Debugging on Steroids

Alan Sguigna

April 3, 2011
9:18 am

ScanWorks Embedded Diagnostics is embedded firmware which uses a CPU’s debug port to access a system’s architecturally visible registers, memory and I/O. Acting as an “embedded JTAG-based debugger”, it can be operated remotely from anywhere and at anytime and troubleshoots the most difficult-to-debug hardware and software failures.

The Technology

In the past we’ve defined “embedded instrumentation” as logic inserted into an IC which performs various chip and circuit board validation, test and debug functions. Within commercial CPUs, the debug port acts as an embedded instrument – in fact, one can consider it to be the most powerful instrument on the board, as it runs the system’s main software and can access virtually every device within a system.

Historically, “JTAG debugger” tools are used to troubleshoot a system during initial board bring-up. These JTAG debuggers will typically access a CPU’s JTAG port (and, where applicable, some number of sideband signals, such as PREQ_N for Intel and HRESET for Freescale) with a hardware pod and cables, and they run application software on a workstation to perform the processor emulation function. These tools, although extremely powerful, are limited by the requirement of having a local hardware connection to a unit-under-test.

ScanWorks Embedded Diagnostics removes the local external hardware requirement. The emulation function is embedded within firmware on a circuit board’s service processor – be it a BMC, FPGA, or other device. I/O from the service processor is wired to the main CPU’s appropriate debug port signals. Once the technology is embedded, debug port control can be exercised anywhere, anytime, on an unlimited number of systems. It's like a regular debugger on steroids. The power this brings is incredible. Released from the hardware tether, design and technical support engineers can remotely troubleshoot device driver, BIOS, operating system kernel, and catastrophic or intermittent hardware or software failures that cause system crashes or hangs.

The Benefits

Imagine having, during board bring-up, the ability to set a breakpoint in say 50 prototype systems in the lab to increase the probability of catching some extremely intermittent bug.

Imagine having, after a new software release is deployed into the field, the ability to dump the kernel (registers, memory, stack traceback, I/O, etc.) at the precise moment when systems start locking up and customers start complaining.

Imagine being able to say to customers, “We have this new resident utility which retrieves forensic information during system failures and 'calls home' in the event of virtually any soft or hard failure.”

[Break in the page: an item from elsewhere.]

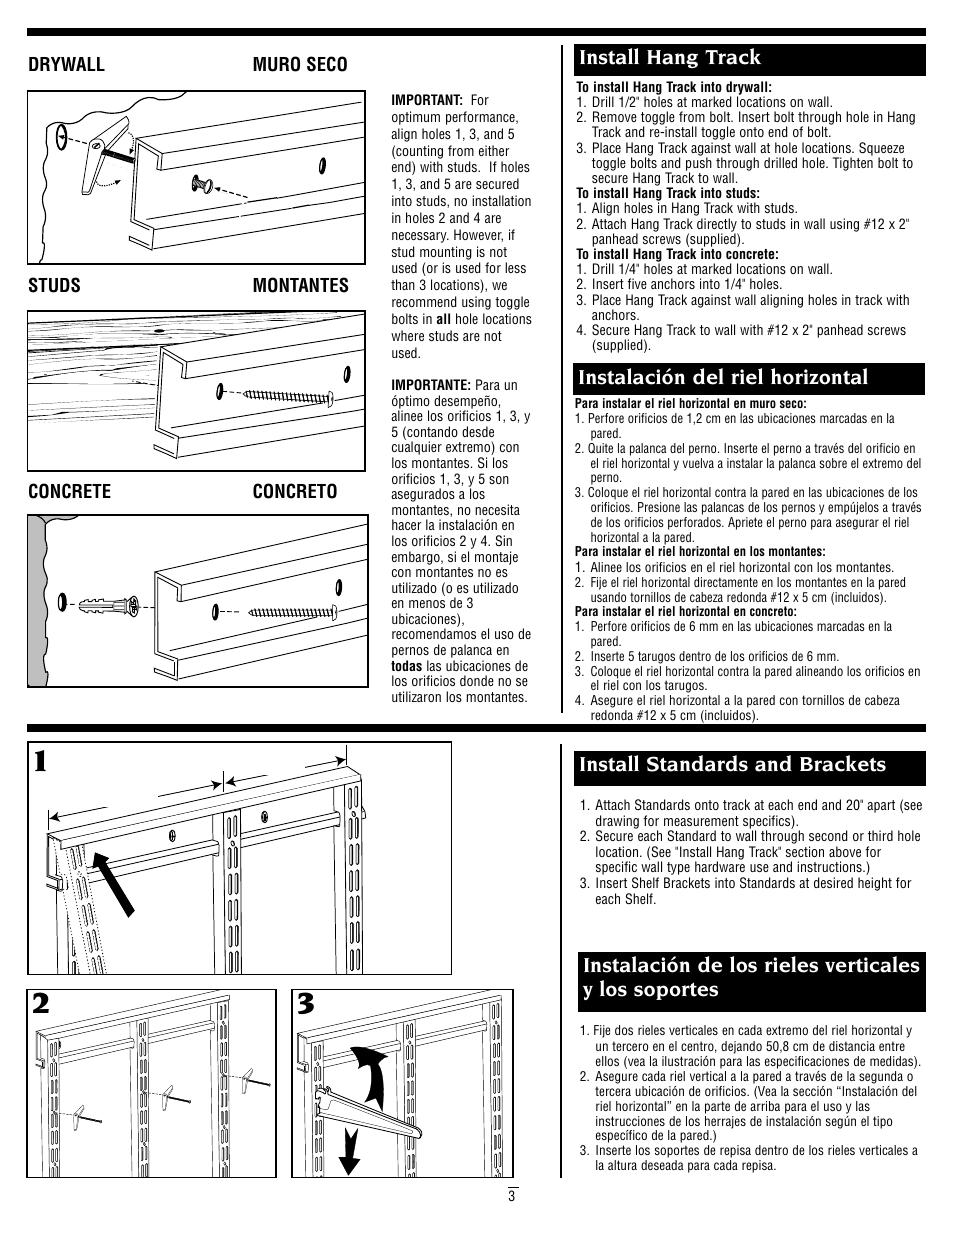 Install Hang Track, Instalación Del Riel Horizontal | Closet Maid 2894 User  Manual | Page

More explicitly, the value proposition for embedded diagnostics is fourfold:

1. Improving Profitability

A technology company’s profitability hinges on time-to-market. Market windows are continually shrinking, and if this design doesn’t come out on time, it will collide with other designs that are in the pipeline. In fact, many projects are canceled if their schedules slip too much. Accelerate the time-to-market and you accelerate profit.

During board bring-up and initial prototype production, having a powerful debugger installed on numerous systems increases the chances of catching and identifying the root causes of bugs. Problems encountered at-scale are difficult or impossible to reproduce on individual or small systems. Embedded Diagnostics gets the bugs out sooner, so you ship sooner.

2. Enhancing Productivity

This applies to both Customer Support and Failure Analysis. We’ve all been there: our technicians spend countless hours trying to reproduce customer problems and then identify their root cause. This happens in the field and in the repair depot. In the meantime, customer dissatisfaction continues to mount. Having better diagnostics which identifies the root cause at the time of the failure shortens the amount of time and effort technicians need to spend resolving problems.

3. Reducing Costs

Having enhanced diagnostics capability in field systems will reduce OEMs’ No Trouble Found (NTF) rates.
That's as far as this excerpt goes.